Trading in a market that is trending strongly is very profitable. Trend Follower always observes trend direction and strength to get the most appropriate entry opportunities. But did you know, if the best way to get maximum profit from a strong trending condition is with the Breakout technique?
Breakout in forex is basically a price breakout from important levels, such as the highest (High) or lowest (Low) price, Support Resistance, Supply or Demand Area, to psychological levels. The following is an example of a Downtrend that is strong and marked by the formation of Lower High levels (lower High levels) and Lower Low (lower Low levels).

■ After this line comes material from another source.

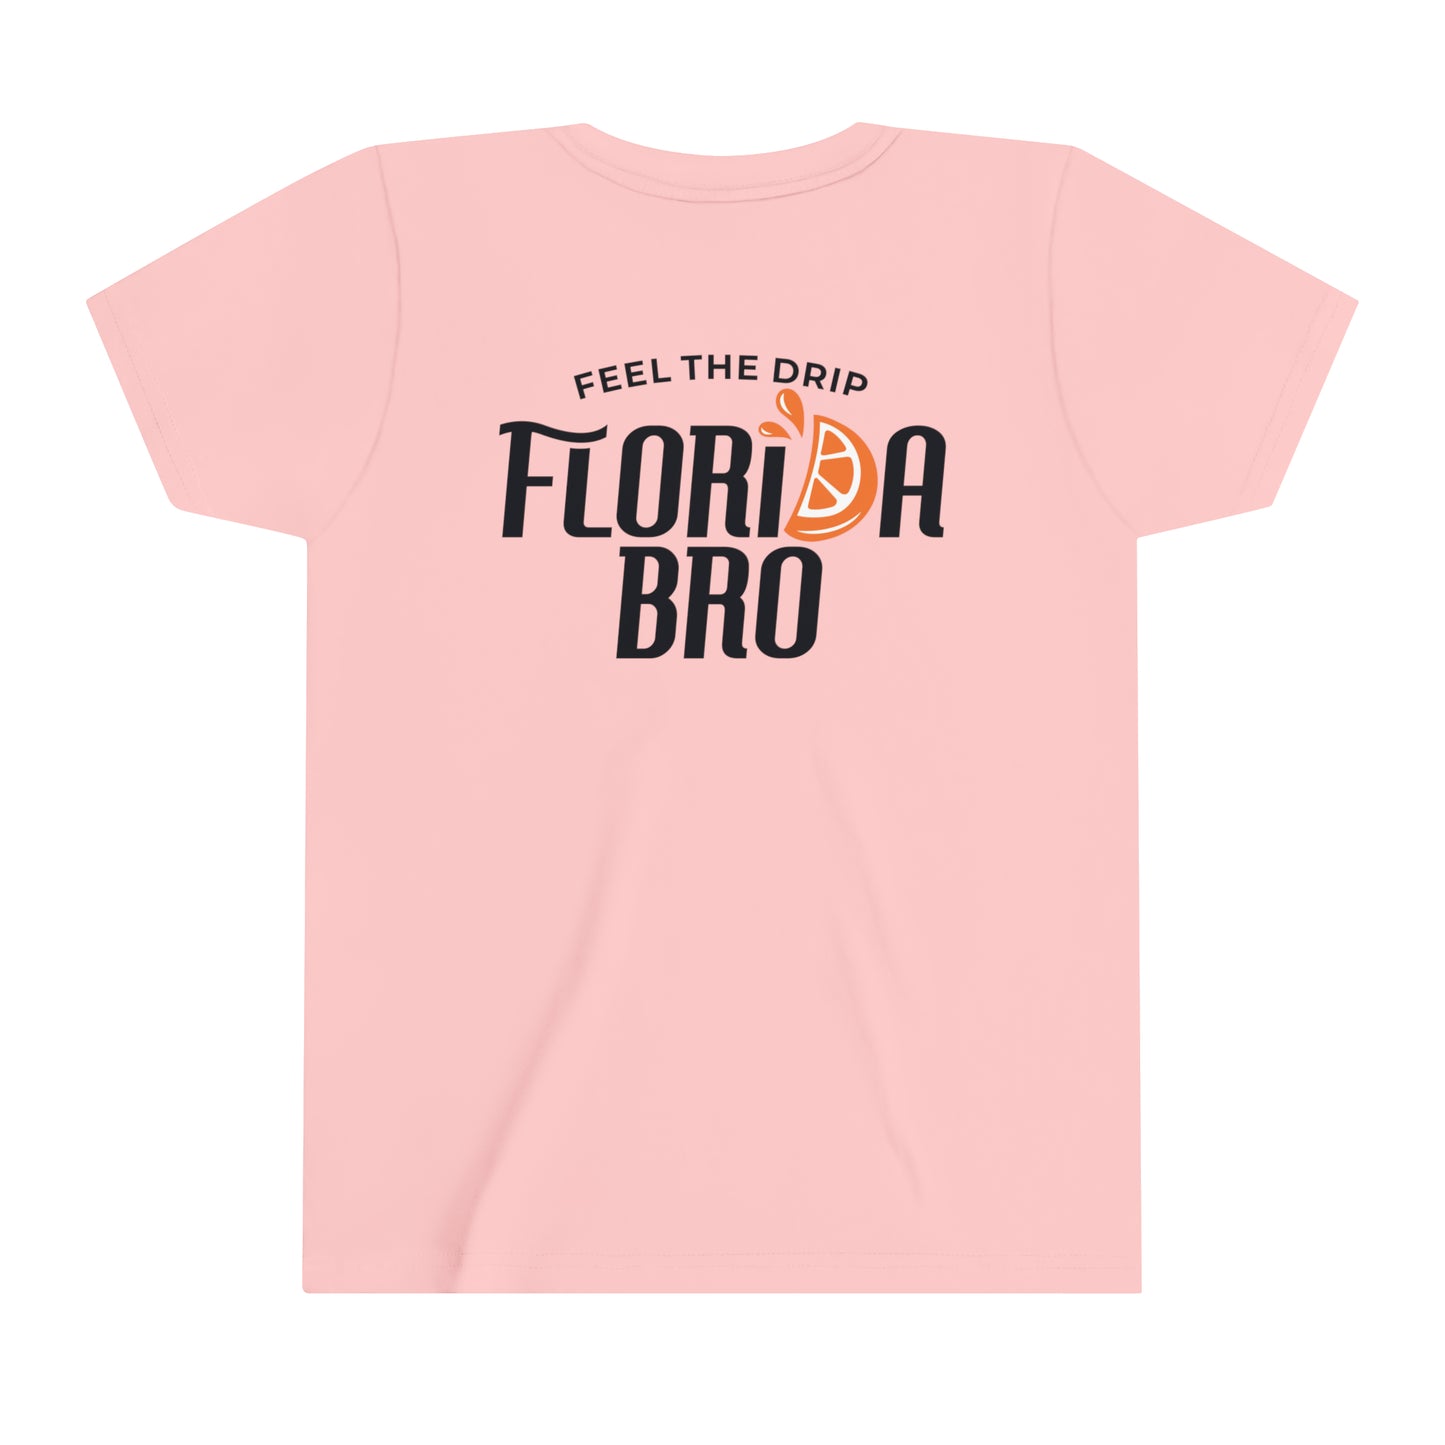 FLORIDA BRO - Short Sleeve Florida Beach Tee - Youth Sizes

After breaking the first Low, the price slid down and posted a decline of 582 pips, starting from the top of the third High. Another example can be seen in the price breakout that occurs at the following support levels
If measured by the tools provided above, the decline in prices since breaking the support reached 5.93% or around 725.4 pips. Isn’t that amazing? Thus, it can be concluded that price movements that break important levels tend to continue in a strong trend forward. When compared to the Trend Following trading method which relies on signals of the end of a temporary correction, the Breakout technique in forex is more promising for opportunities, because it is usually driven by market psychology which universally recognizes the potential for significant movements after breaking of important levels. On the other hand, trend continuation that occurs after the correction ends are usually temporary in nature, or it is easy to return to a corrective move when the market fails to maintain sentiment. This is of course different from the strong movement after the Breakout, because prices will usually continue to slide in a trend before starting to correct.
Trading with Breakout Techniques
In the Breakout technique during a Downtrend, first determine the Support level, then the current lowest level (Low). If the Downtrend is strong, the price will definitely form a new low so that the Downtrend can continue. The most effective technique for entry breakouts in this situation is to use a pending order, which is a sell stop or sell below the current market price. The entry (sell) level should be determined below the current low. Meanwhile, for Breakout during an Uptrend, look for the last Resistance and High levels. Then use a Buy Stop Pending Order to open a buy order above the current price.
If you follow the principle of an aggressive trader, the target sell entry with a Pending Order Sell Stop can be placed as close as possible from Low 1.22156, possibly following the minimum distance (Stop Level) determined by the broker. However, if you are a conservative trader, the entry could be further than 1.22156 or even waiting for confirmation, whether from Price Action signals or technical indicators.
The second support appears to be located in the range 1.21785. You can set a Sell Stop entry target in that range, then determine the exit point by setting Stop Loss and Take Profit according to your ideal Risk / Reward Ratio. Say you adjust your Stop Loss based on the last resistance, then the possibility of SL is in the area of 1.24162. With a 1: 2 ratio, Take Profit will take place at 1.17031. Beware of False Breakout Traps Even though the Breakout technique in forex is very promising, it does not mean that there are no risks to watch out for. Every strategy has weaknesses that need to be taken into account, as well as this Breakout technique. Many traders who feel attracted to Breakout techniques in forex are often fooled by False Breakouts, which is when the price has broken through an important level but then reverses direction and does not continue the break.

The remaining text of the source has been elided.